::: DATA EXTRACT

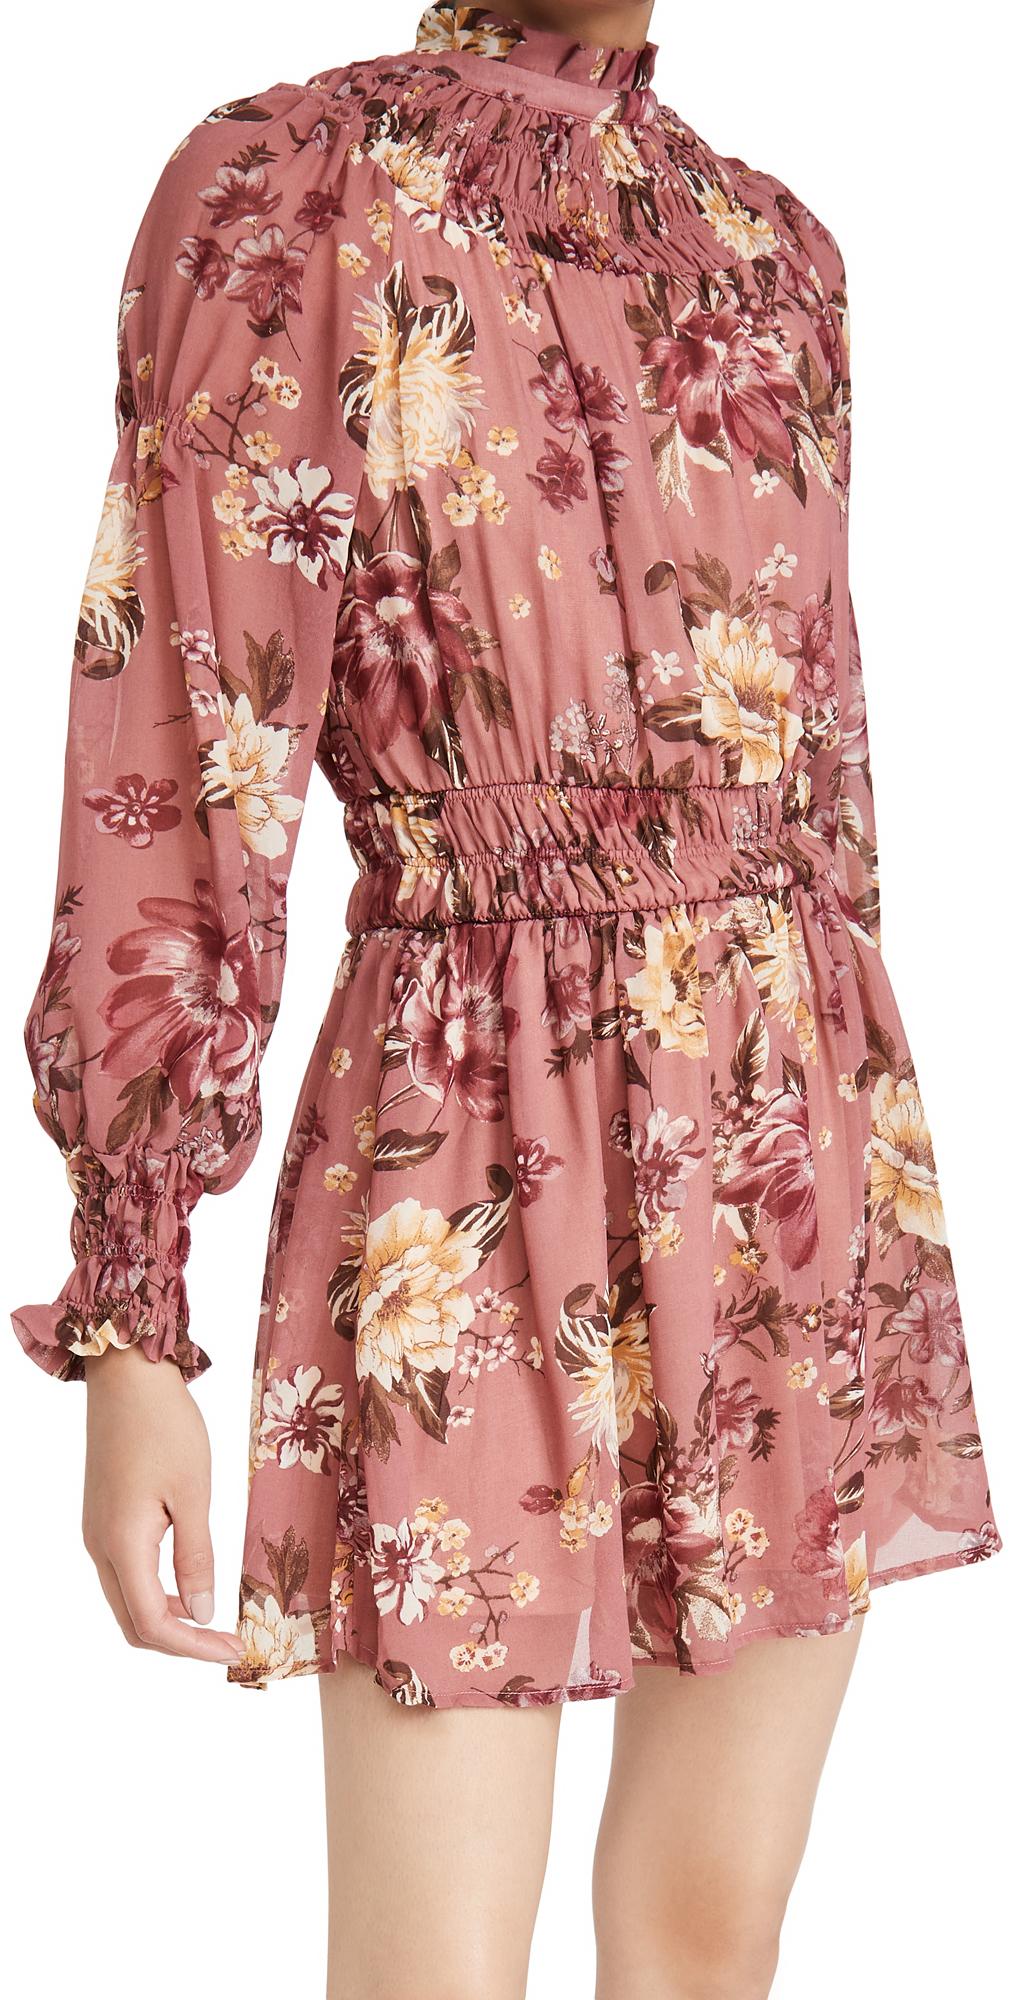 En Saison Floral Print Mini Dress With Long Sleeves
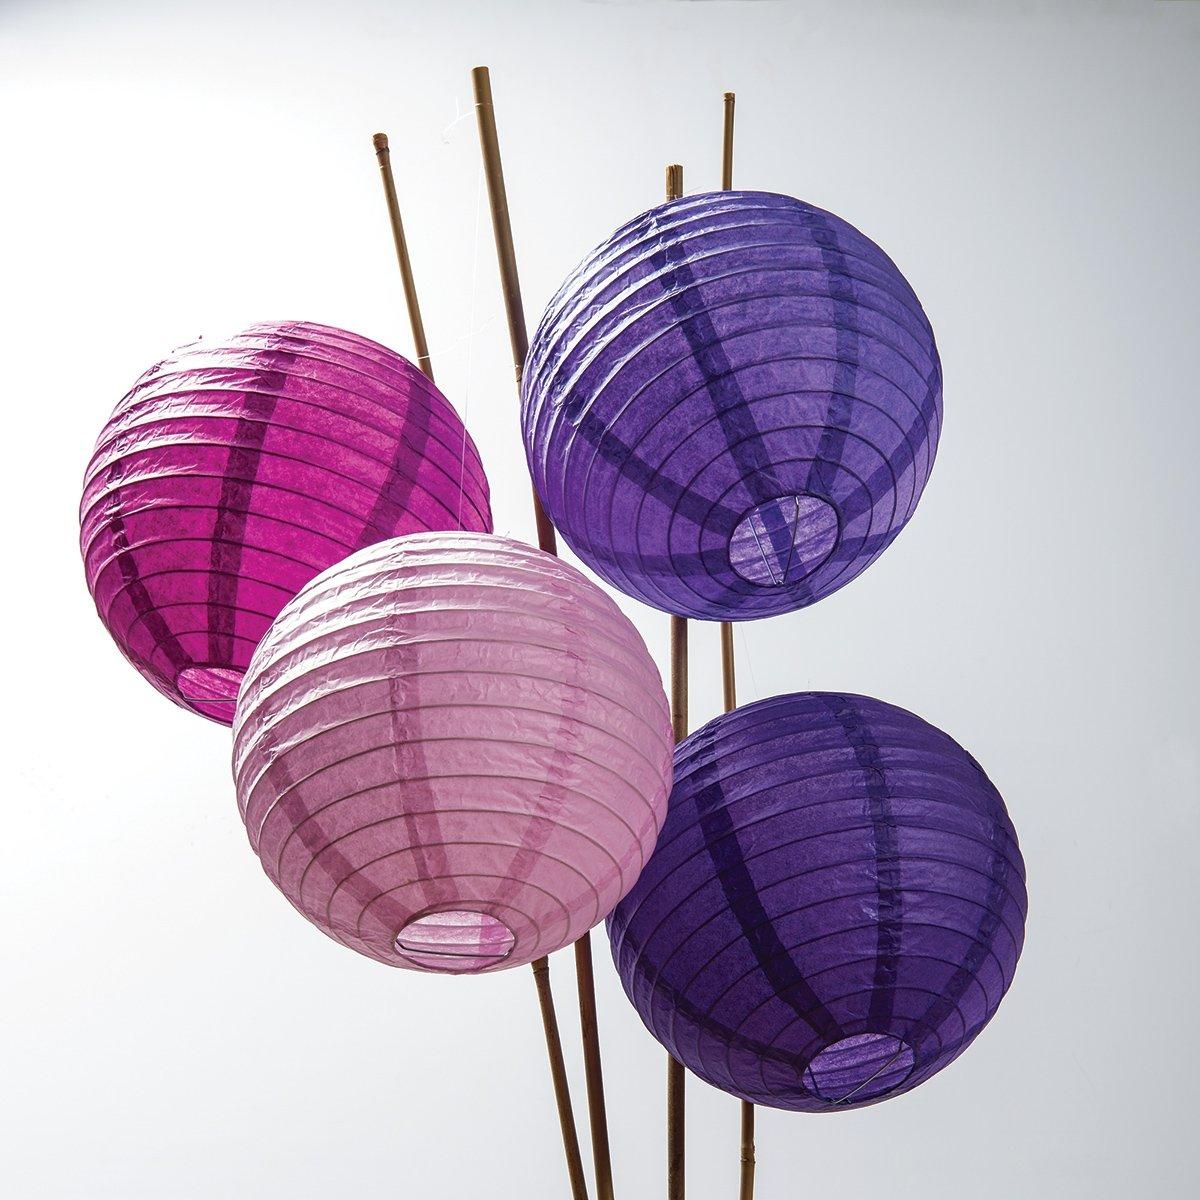 Luna Bazaar 8 Inch Paper Lanterns Multi colored
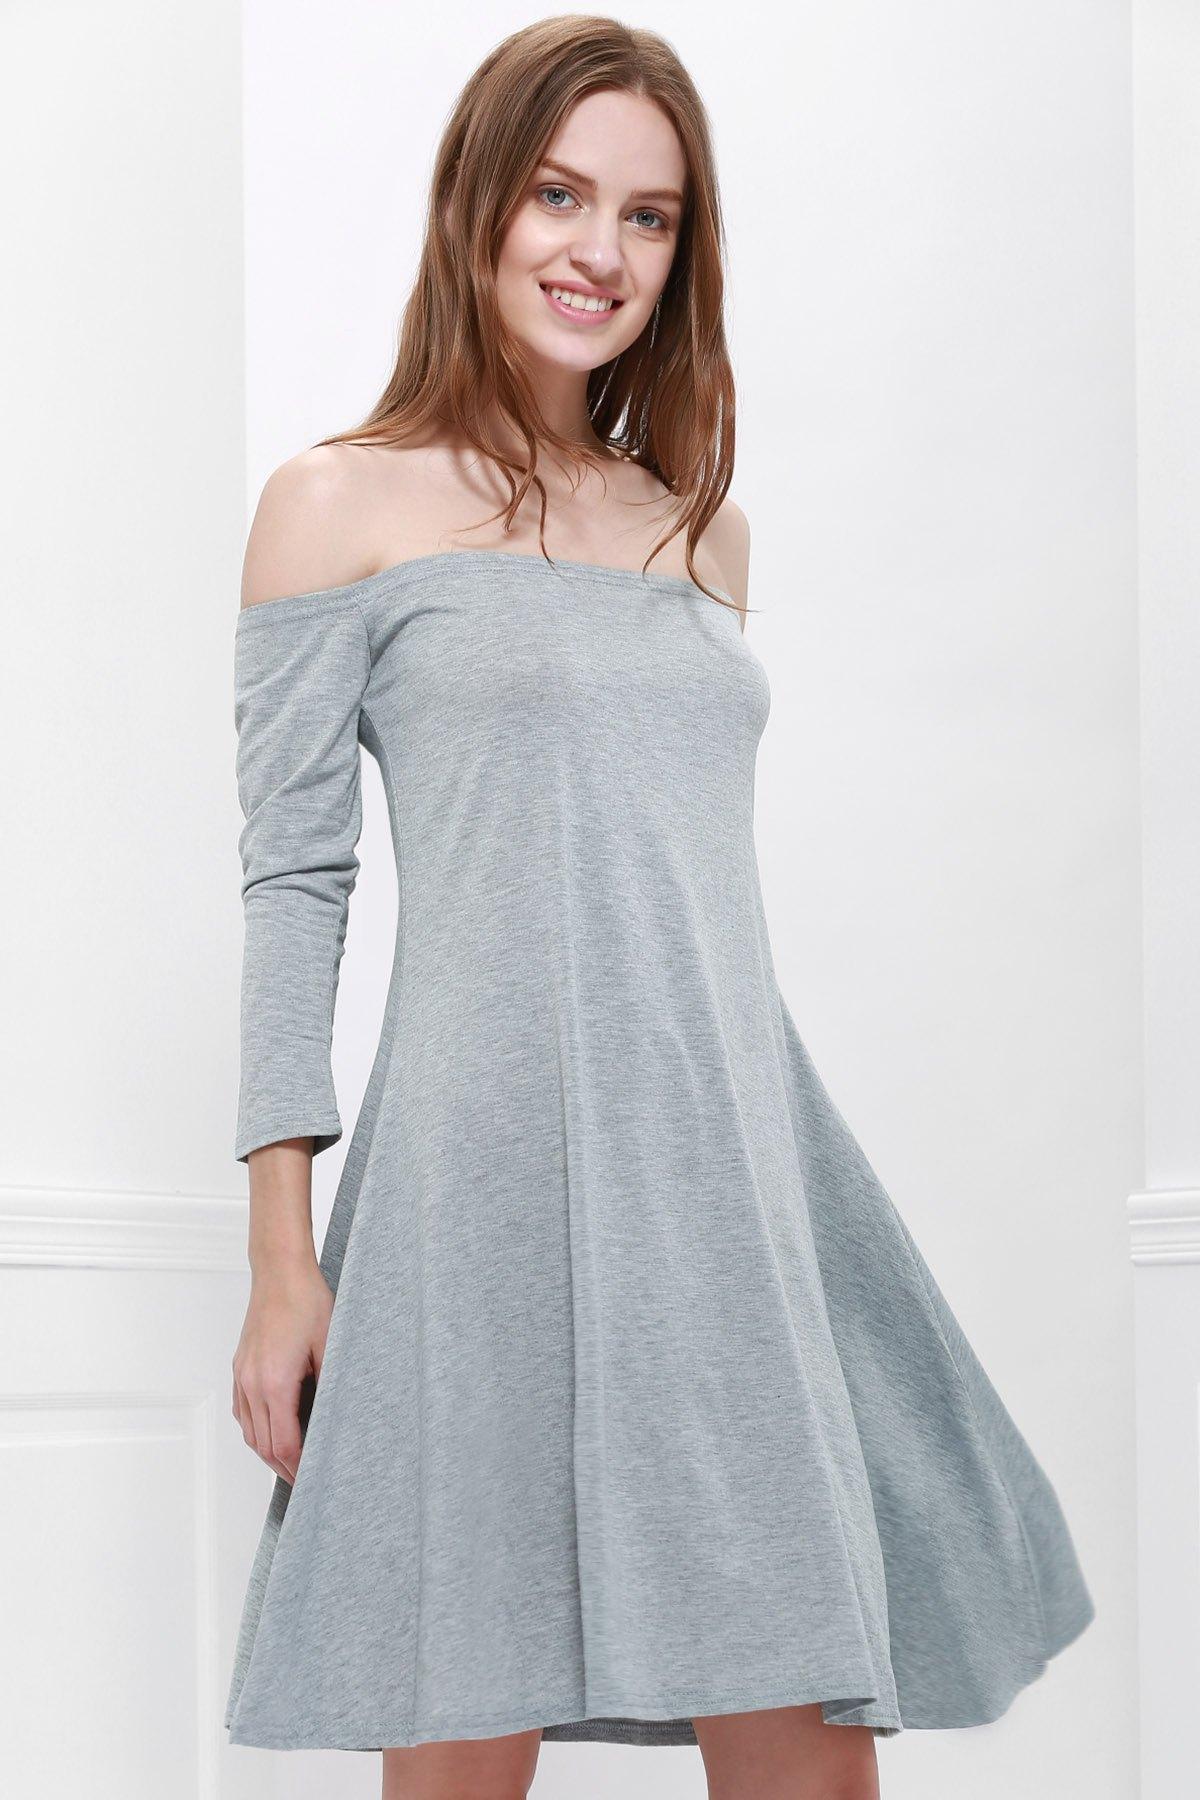 Slash Neck Long Sleeve Gray Dress

::::::

Retype word for word all the material given above, and keep the pictures out.

_TASK RESPONSE_
 En Saison Floral Print Mini Dress With Long Sleeves
 Luna Bazaar 8 Inch Paper Lanterns Multi colored
 Slash Neck Long Sleeve Gray Dress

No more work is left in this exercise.